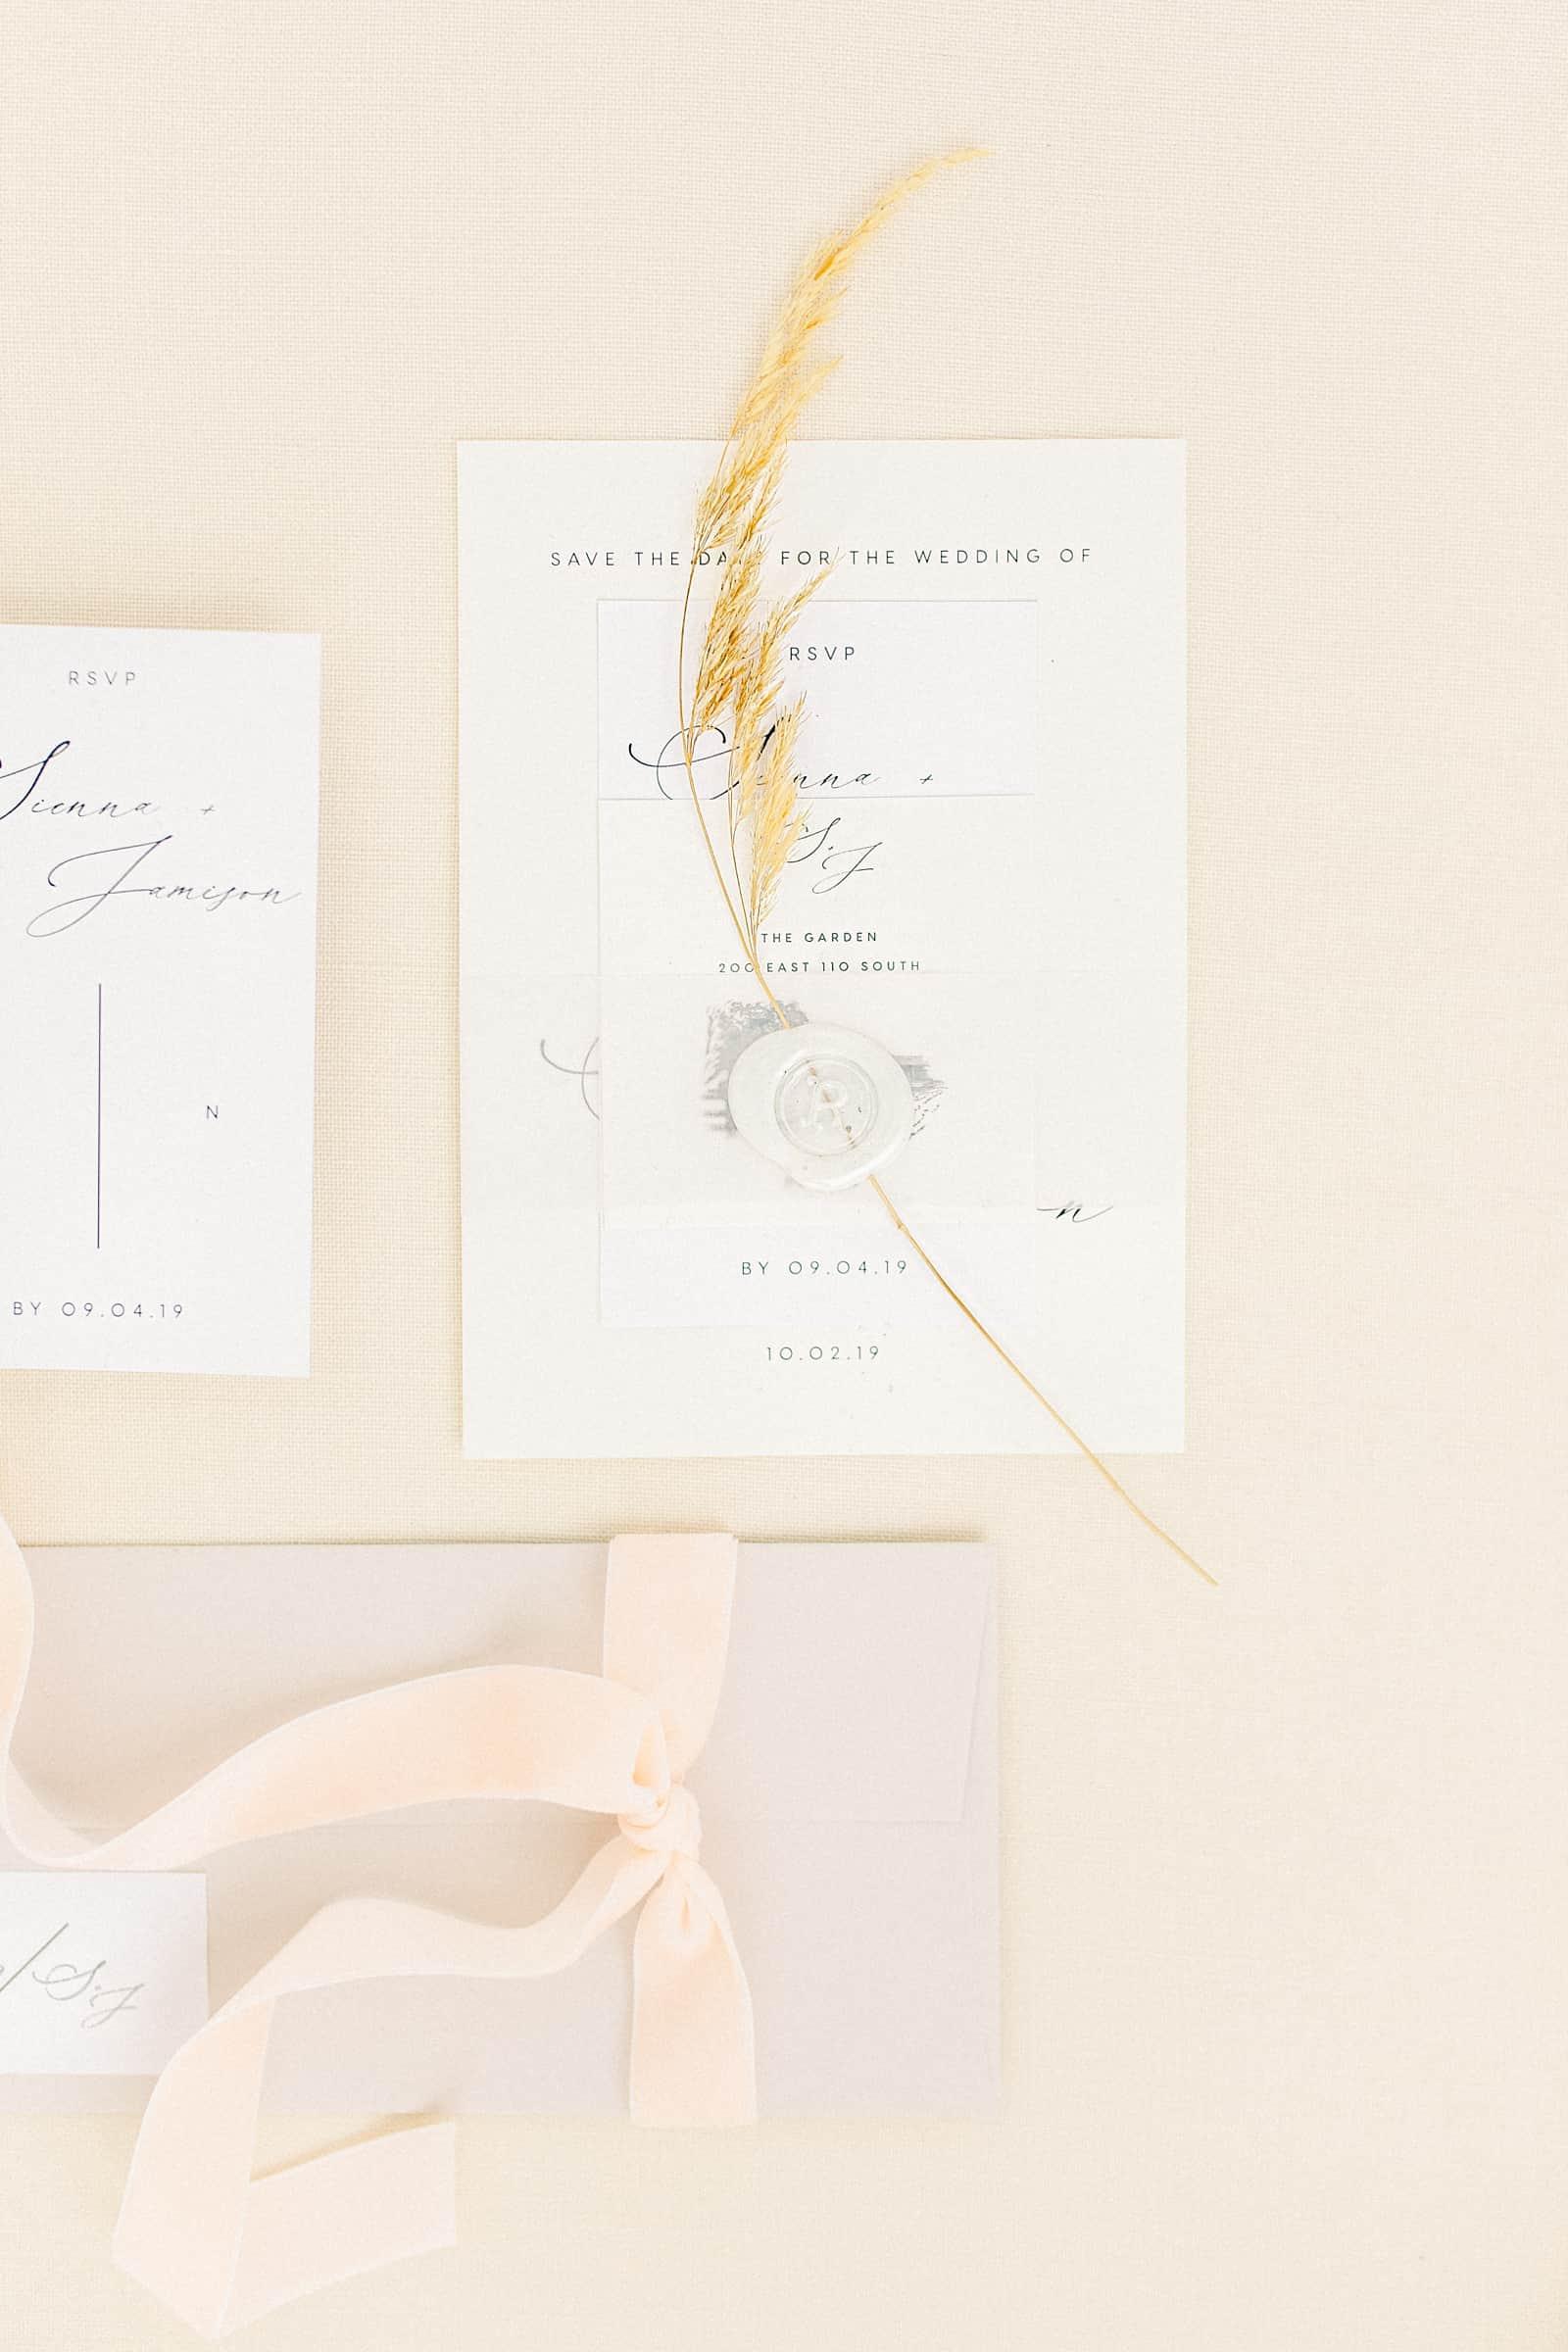 Modern minimalist wedding invitations with white wax seal
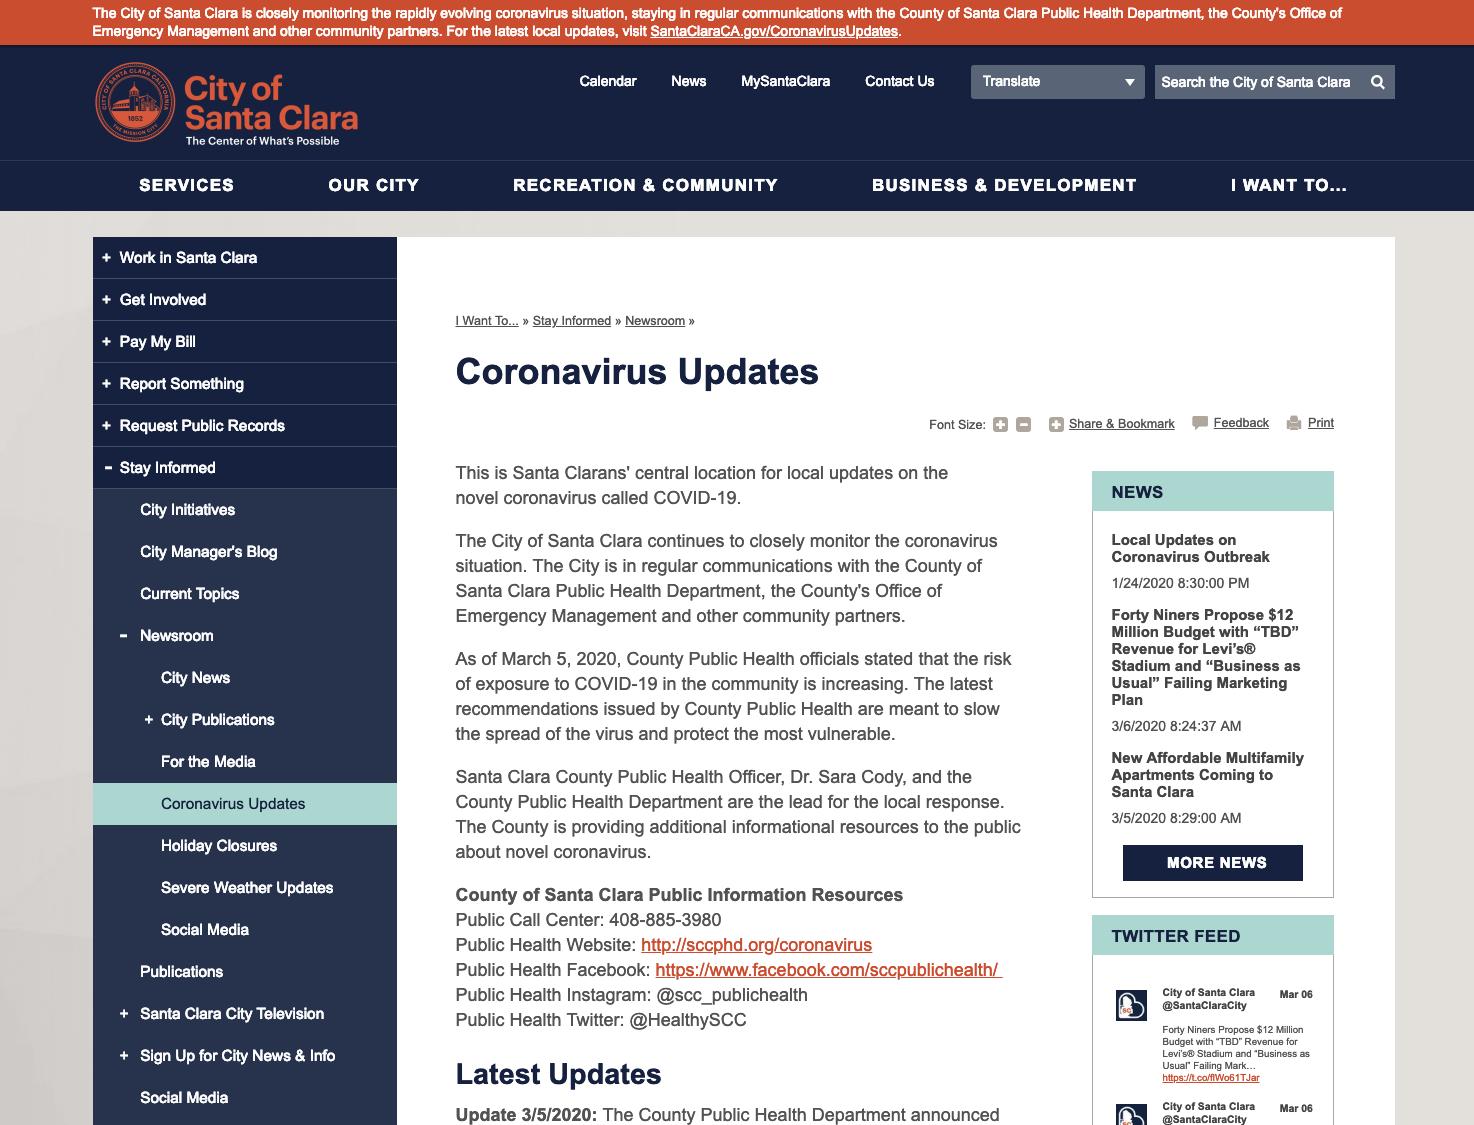 COVID:19 webpage update for City of Santa Clara, California
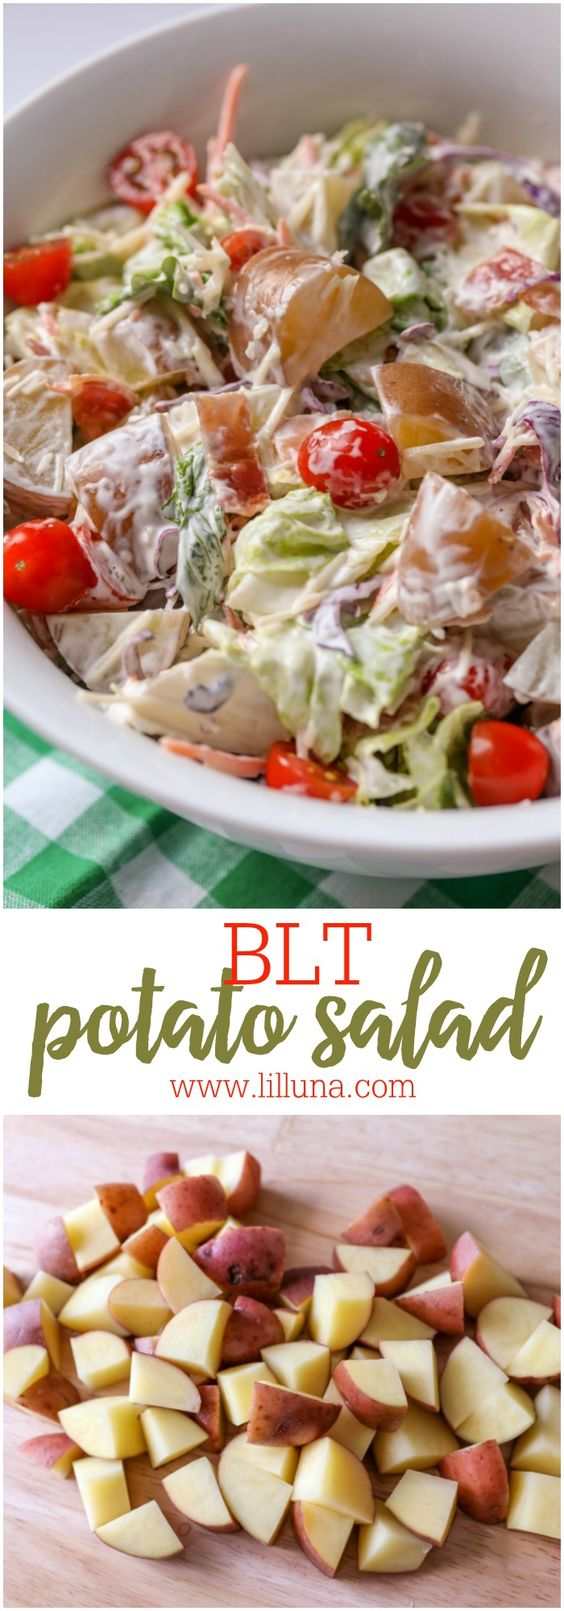 salad potatoes potatoes bacon and more potato salad lettuce and tomato ...
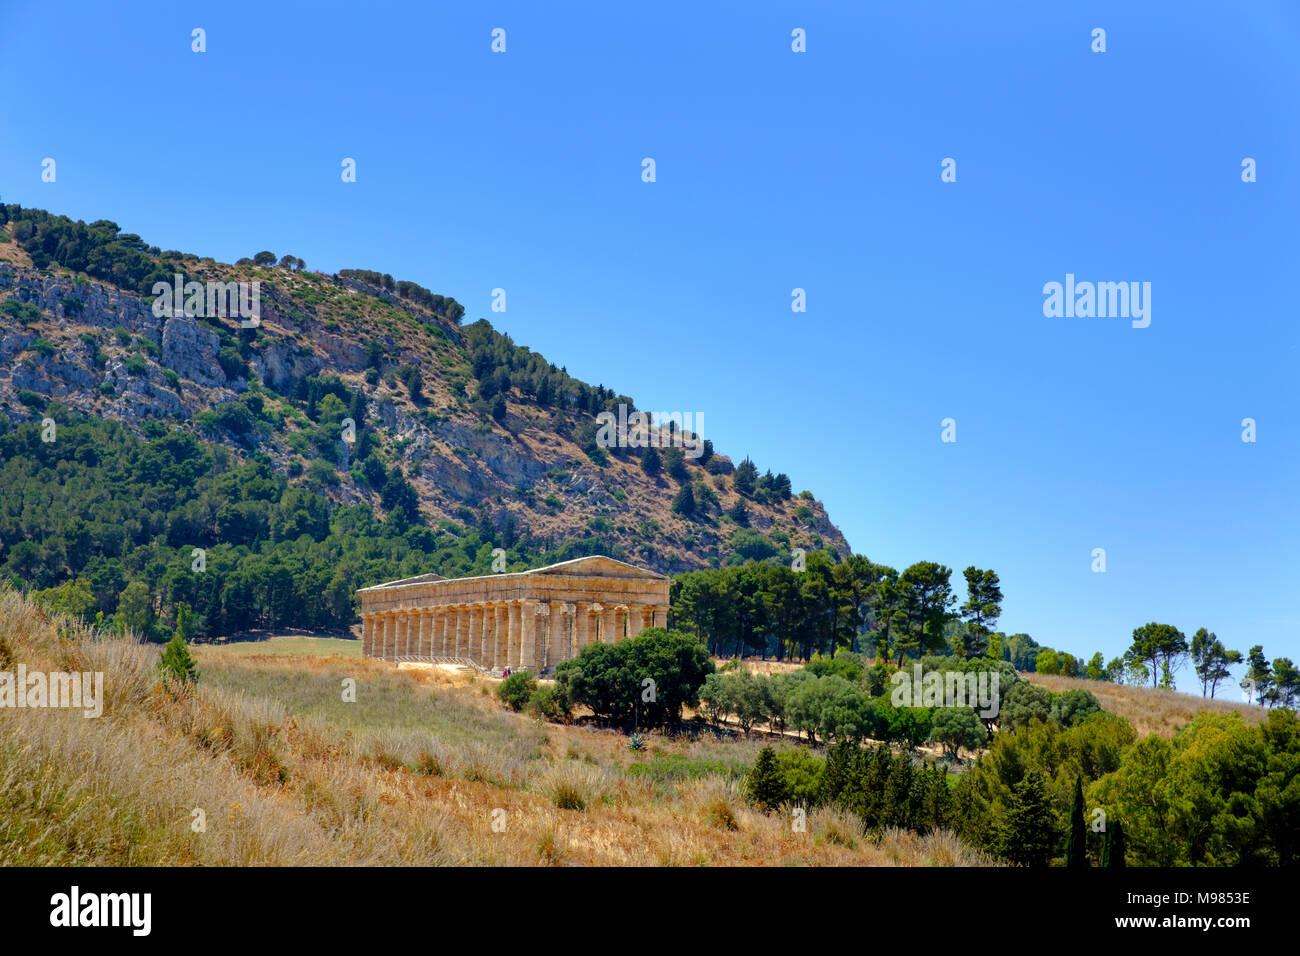 griechische Tempelanlage Segesta, Provinz Trapani, Sizilien, Italien - Stock Image

TASK BRIEF
A faithful copy of all the lines above is needed, with the pictures omitted.

YOUR SOLUTION
 Modern minimalist wedding invitations with white wax seal
 COVID:19 webpage update for City of Santa Clara, California
 salad potatoes potatoes bacon and more potato salad lettuce and tomato ...
 griechische Tempelanlage Segesta, Provinz Trapani, Sizilien, Italien - Stock Image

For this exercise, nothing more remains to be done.